Investment - Articles - The Market Abuse Regulation 2016: PwC comments


Commenting on the new Market Abuse Regulation (MAR), Ruk Permal, financial services, risk and regulation partner at PwC, warns that the new rules that are now coming into force across Europe, coupled with the uncertainty of Brexit, could leave financial institutions under increased pressure.

 "Financial institutions across the UK will still be expected to have assessed and enhanced their policy, control and surveillance capabilities in line with the new requirements set by the EU, despite the vote by the UK to leave the European Union and the ensuing uncertainty. This adds to the complexity facing market participants.

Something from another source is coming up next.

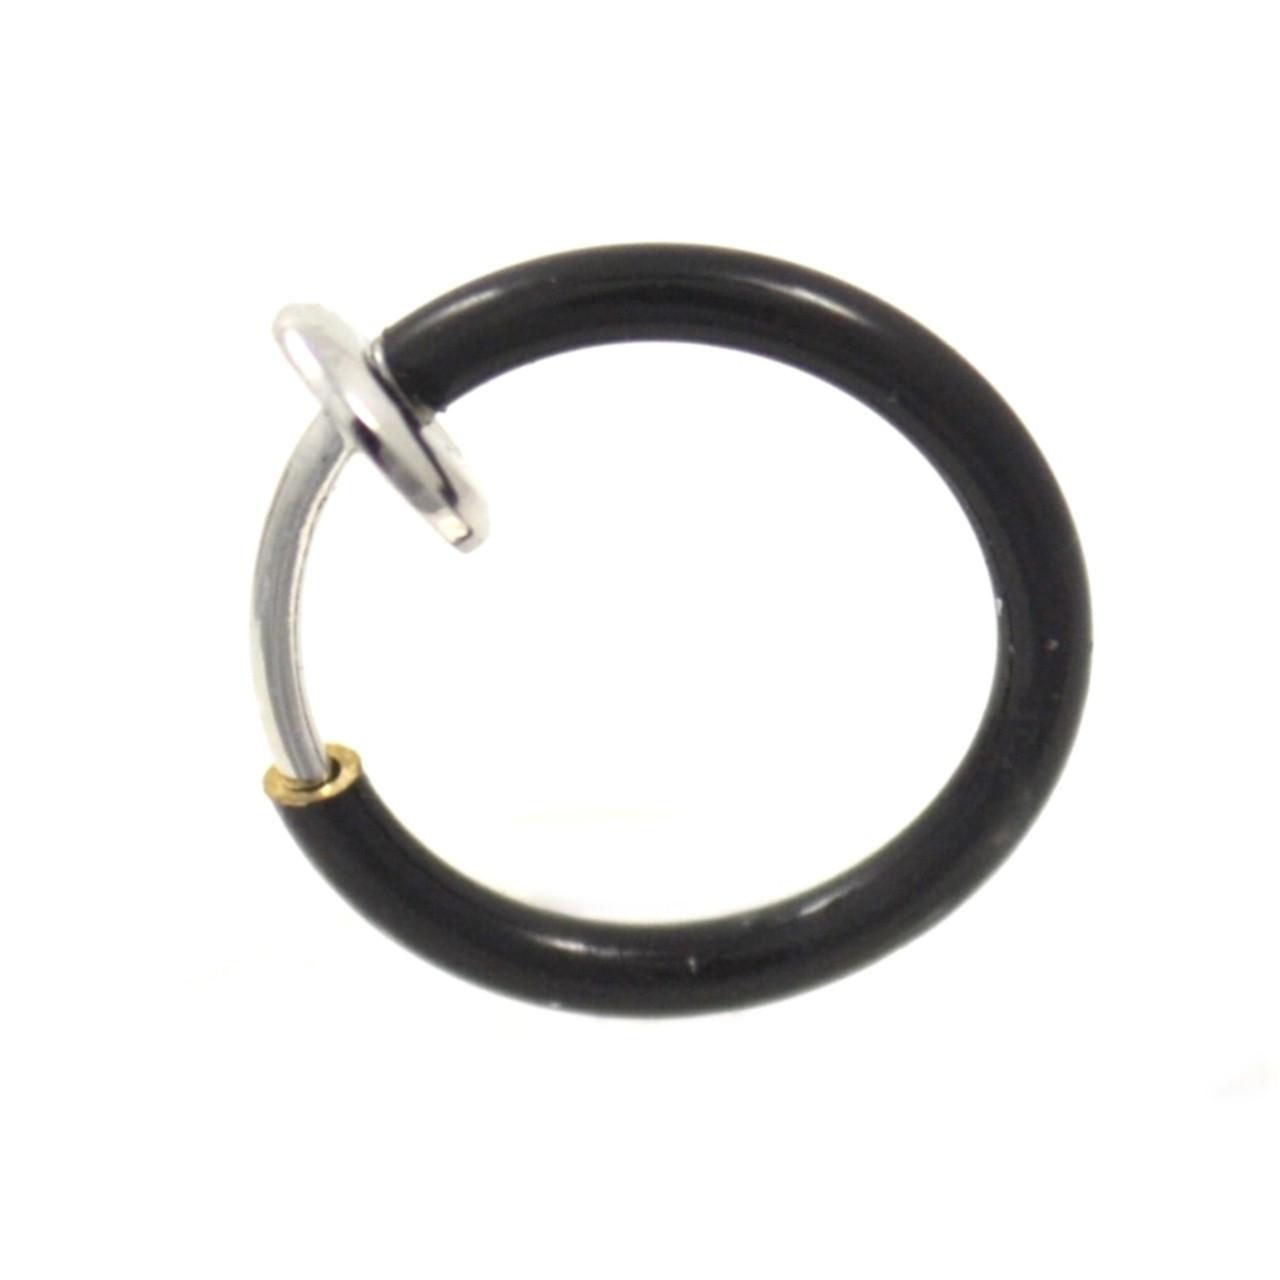 Black Titanium Snap On Fake Septum Piercing Hoop Bodydazz Com

 "Financial groups have already been grappling with various challenges presented by MAR due to the increased scope of products and additional surveillance requirements that will cover new behaviours and trade flows. Enhanced compliance around Investment Recommendations and Market Soundings have also raised obstacles while the requirement to now surveil for orders and request for quotations (RFQs) has created more questions than solutions.

 "Whilst tactical fixes to plug gaps is reasonable in the short-term, it remains unclear what stance the regulator will take regarding non-compliance in the longer-term and whether this will vary across regions and regulators.

 "From our initial assessments, firms need to manage the key risk of market abuse going unnoticed and unreported. That position is untenable in the environment we are operating in, and could subject firms to regulatory fines and censure, and damage to their reputation and overall market position."